● Action item: Copy word for word, please, the lines of the entries below running from the one containing "Subscribe to our" to the one containing "Haworth Maari chairs", both ends included.
+++ Extracted entries
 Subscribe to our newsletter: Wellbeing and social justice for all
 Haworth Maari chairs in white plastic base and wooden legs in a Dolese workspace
++++++
+++ Extracted entries
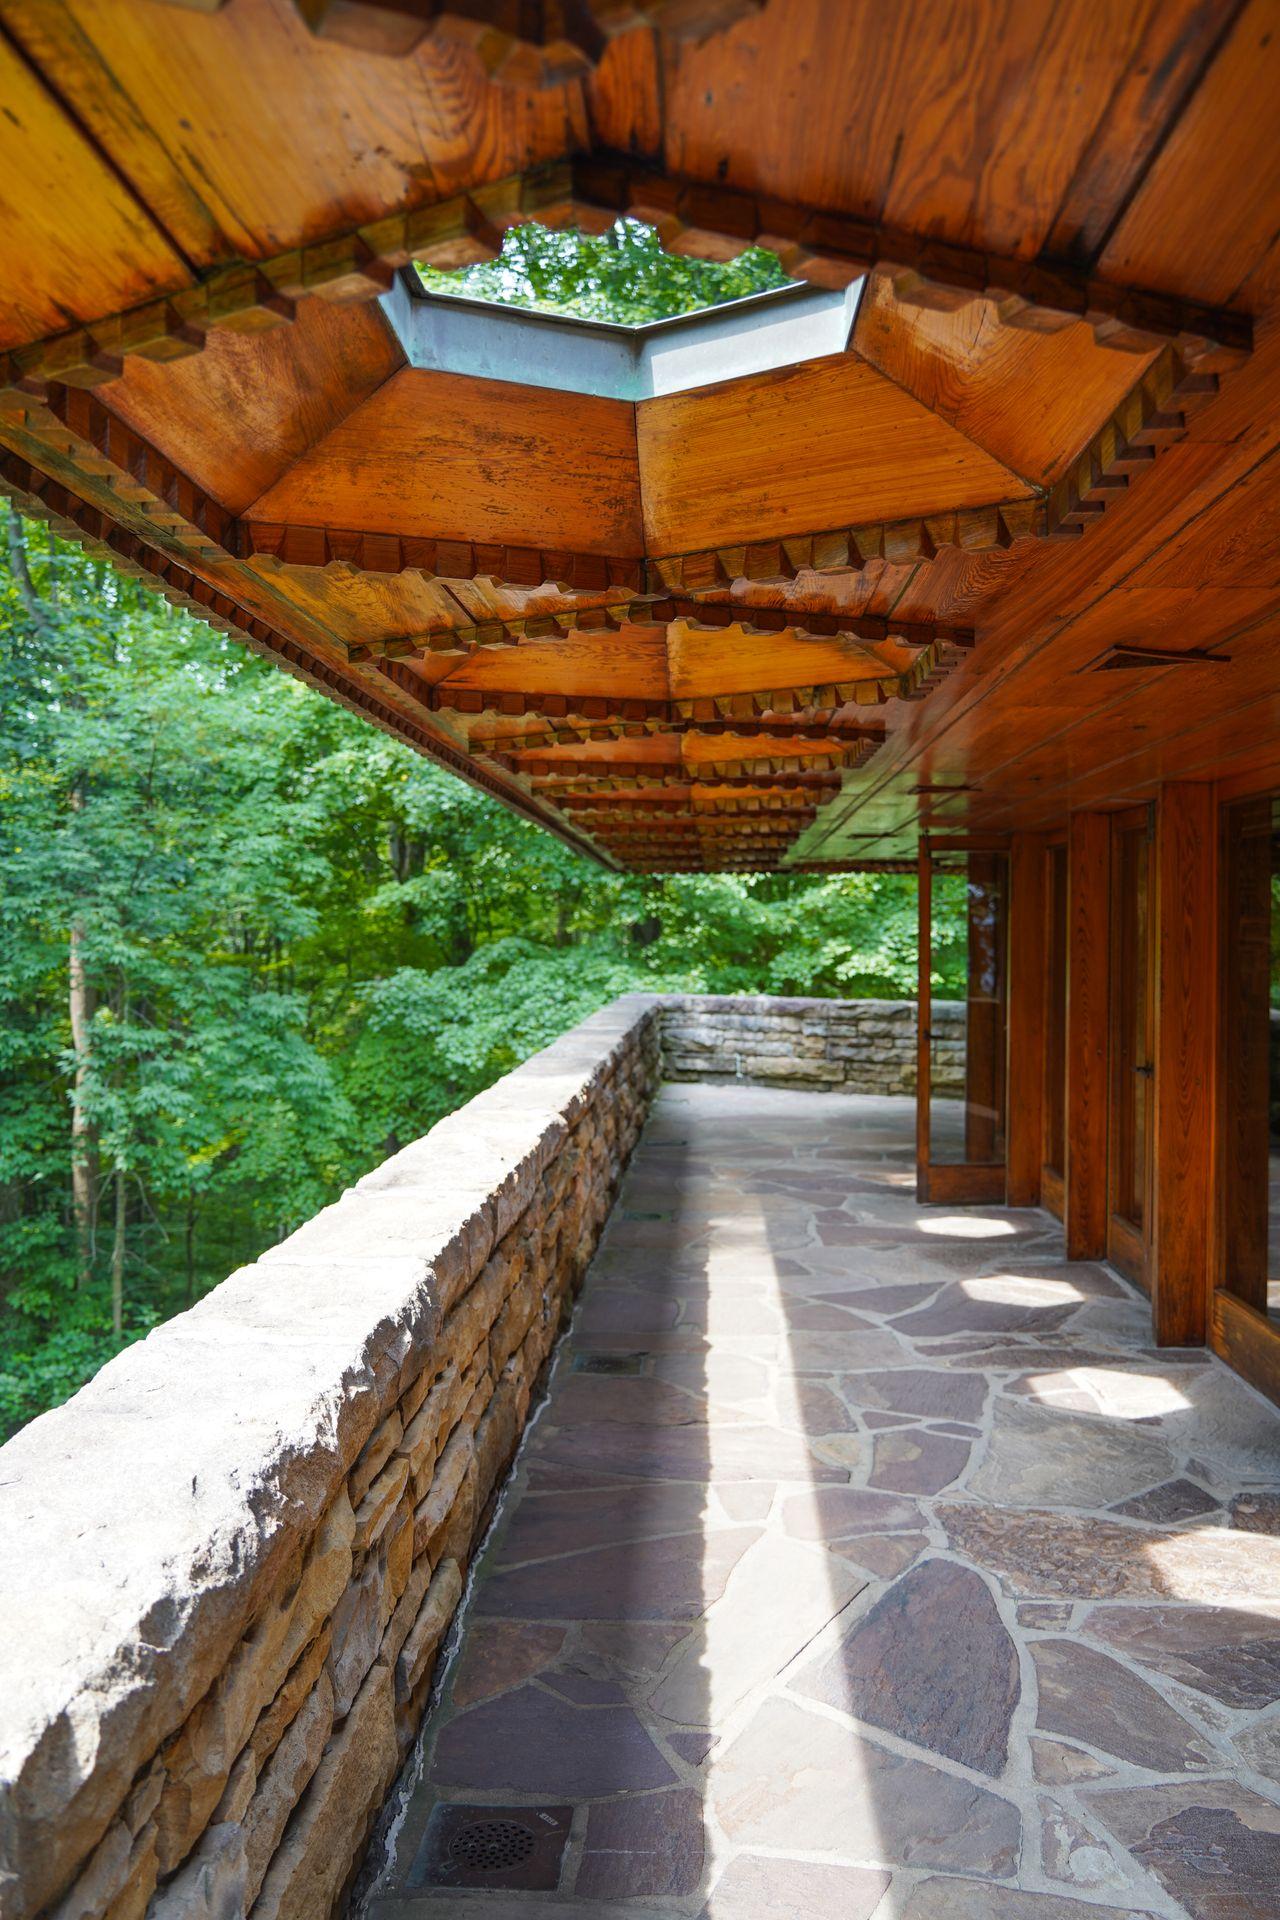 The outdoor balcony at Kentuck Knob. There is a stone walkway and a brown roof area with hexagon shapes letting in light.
++++++
● Result of the task:
 Subscribe to our newsletter: Wellbeing and social justice for all
 Haworth Maari chairs in white plastic base and wooden legs in a Dolese workspace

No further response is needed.